TASK MATERIAL
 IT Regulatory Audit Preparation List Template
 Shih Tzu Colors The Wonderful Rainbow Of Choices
--
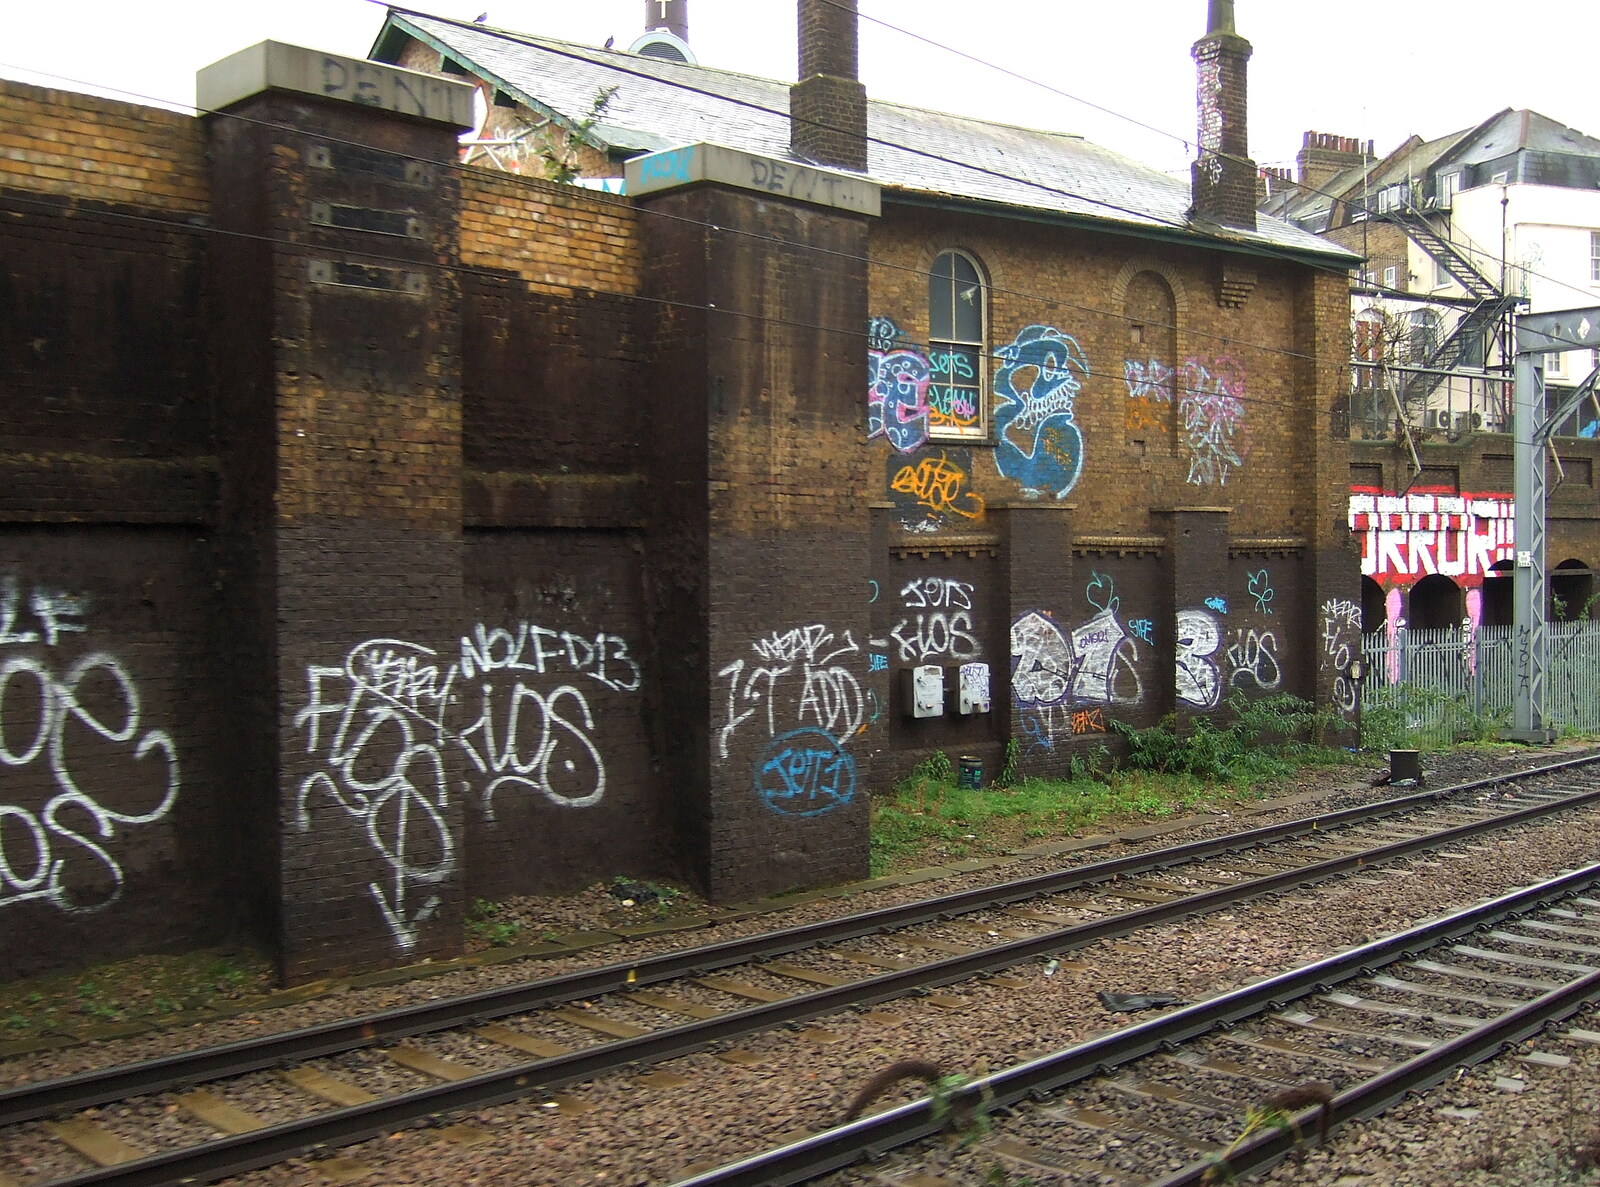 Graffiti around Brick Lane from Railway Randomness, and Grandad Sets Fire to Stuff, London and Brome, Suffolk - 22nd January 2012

WHAT NEEDS TO BE DONE
Return the span of lines in the data above that opens at the line with "IT Regulatory Audit" and closes at the line with "Shih Tzu Colors", exactly, ends included, nothing else.

EXERCISE RESULT
 IT Regulatory Audit Preparation List Template
 Shih Tzu Colors The Wonderful Rainbow Of Choices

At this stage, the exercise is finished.